Second, even if there exists proof that would satisfy the demanding “beyond a reasonable doubt” standard, such evidence may not be usable in court. Exposing it might, for example, blow a critical intelligence-collection program; or if the information was provided by a foreign intelligence service, it might have been shared with the U.S. subject to a non-disclosure agreement. Thus, even if our intelligence agencies are right that Russia is the hacker – again, I assume they are – there may not be sufficient courtroom evidence to prove that they are right.

So on the face of things, there is only one known crime (hacking), there is no evidence of participation in it by President Trump or his campaign, and it may not even be provable against the country our intelligence agencies believe committed it, much less against lesser and non-culpable players. This, undoubtedly, is why the FBI, which has been looking at this matter for over 10 months, has been investigating it as a counterintelligence matter, not a criminal matter.

It is highly unlikely that the hacking had any material impact on the election – Democrats claimed for a year-and-a-half that Mrs. Clinton’s own potentially criminal emails were not a problem; how could a comparatively few merely embarrassing emails of the more obscure John Podesta have been a problem? In any event, whatever activities people of various connections to Trump may have been “colluding” in with Russia over the years, they are either not criminal or not relevant to the election – or both.

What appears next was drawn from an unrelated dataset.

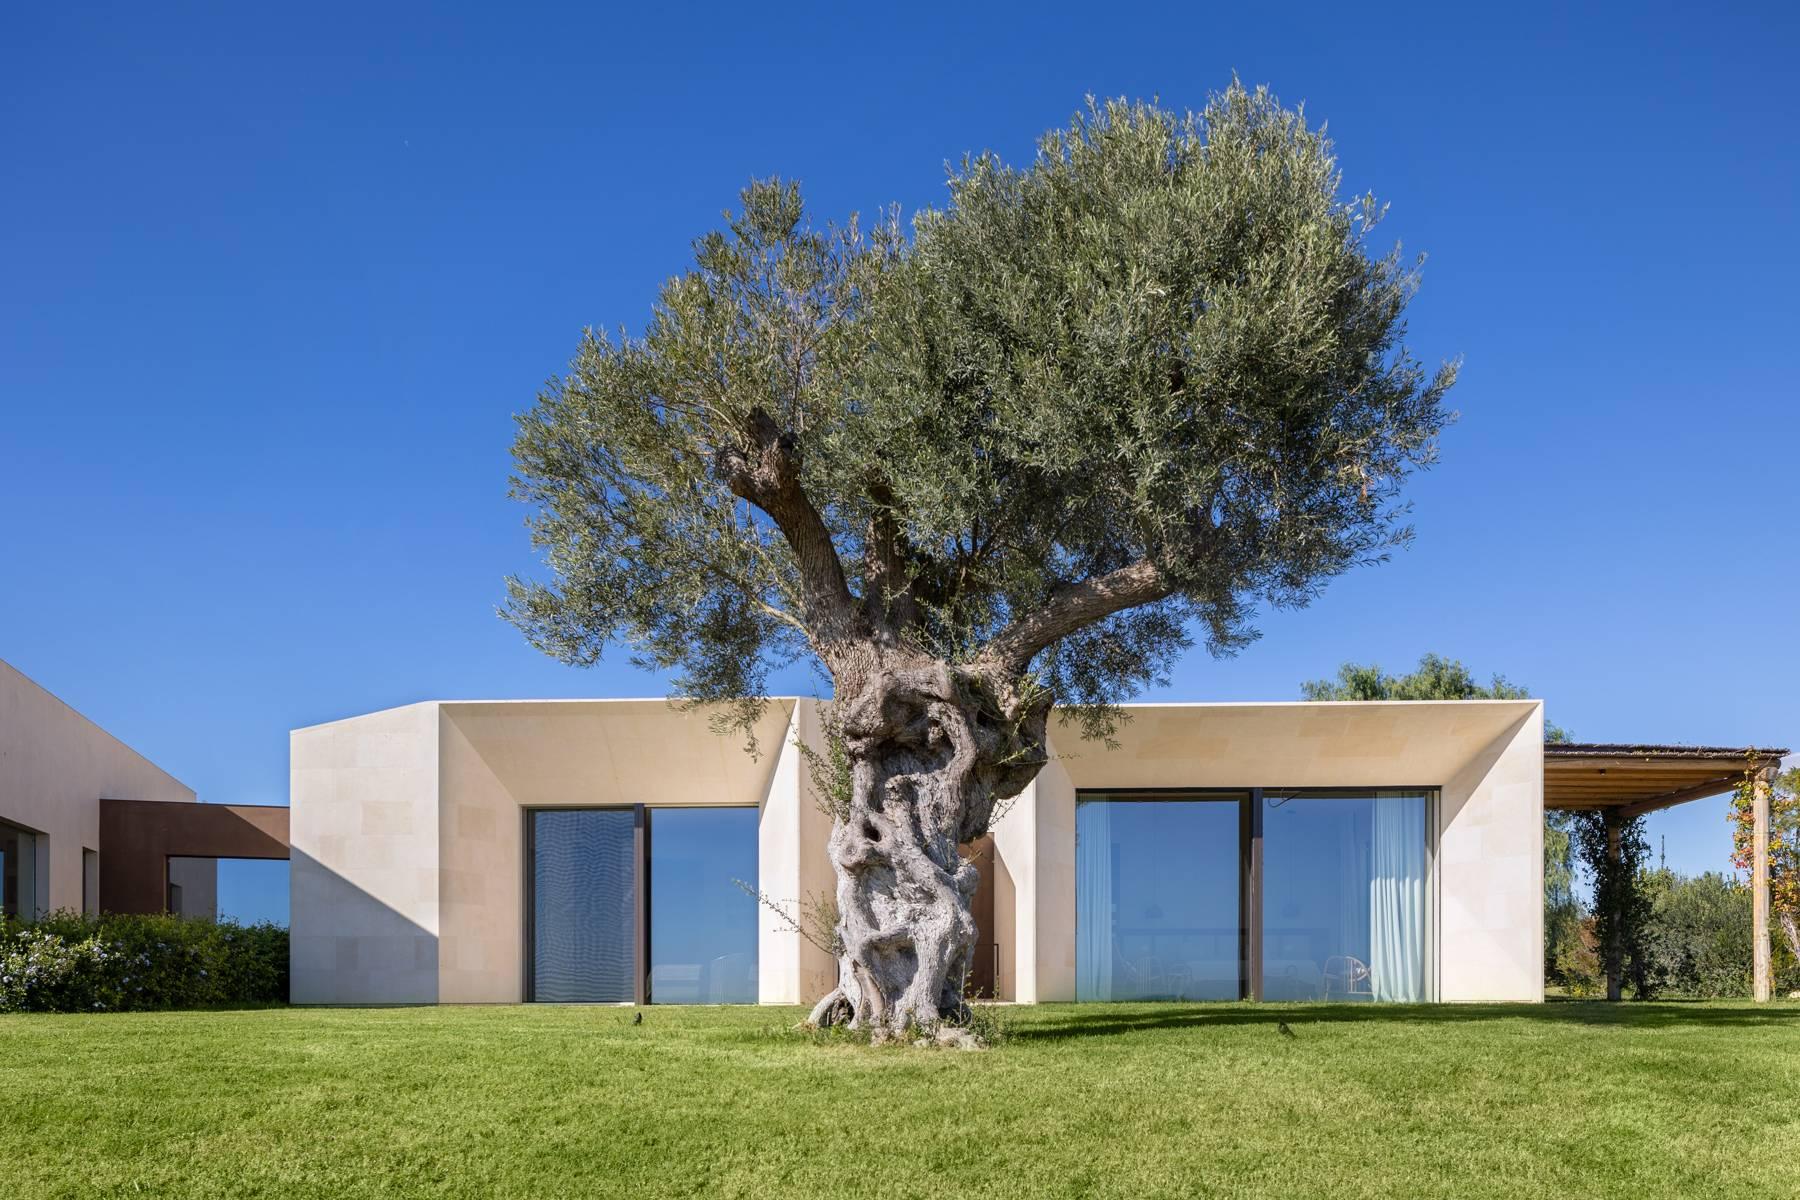 Luxury modern villa design in Noto - 3

Unquestionably, Russia’s perfidy should be aggressively investigated. There should be accountability regarding any American who participated in it (and any American official who may have exploited the amorphous Russia counterintelligence investigation as a pretext to conduct political spying on the opposition party). But these are not criminal transactions fit for courtroom prosecution; they are national security matters fit for counterintelligence and congressional inquiries.

So why, then, do Democrats want a special prosecutor? Because the appointment of one would presume the existence of the thing they have not been able to demonstrate, namely: that a crime has been committed. They would be able to argue, à la Watergate, “We already know someone in the administration belongs in jail – otherwise, why would we have this prosecutor?”

That is not the way it’s supposed to work. An investigation by a prosecutor is triggered by a good-faith belief that a prosecutable crime has been committed. Prosecutors are not supposed to be assigned in order to investigate (and investigate … and investigate …) whether there is a good faith basis to investigate. The surgeon does not start cutting until we know the patient needs surgery.

When Democrats and the media echo chamber demand the appointment of a special prosecutor, the reply should be: To prosecute what crime? “Collusion” is not an answer to that question; and if the question cannot be answered, that should be the end of the conversation.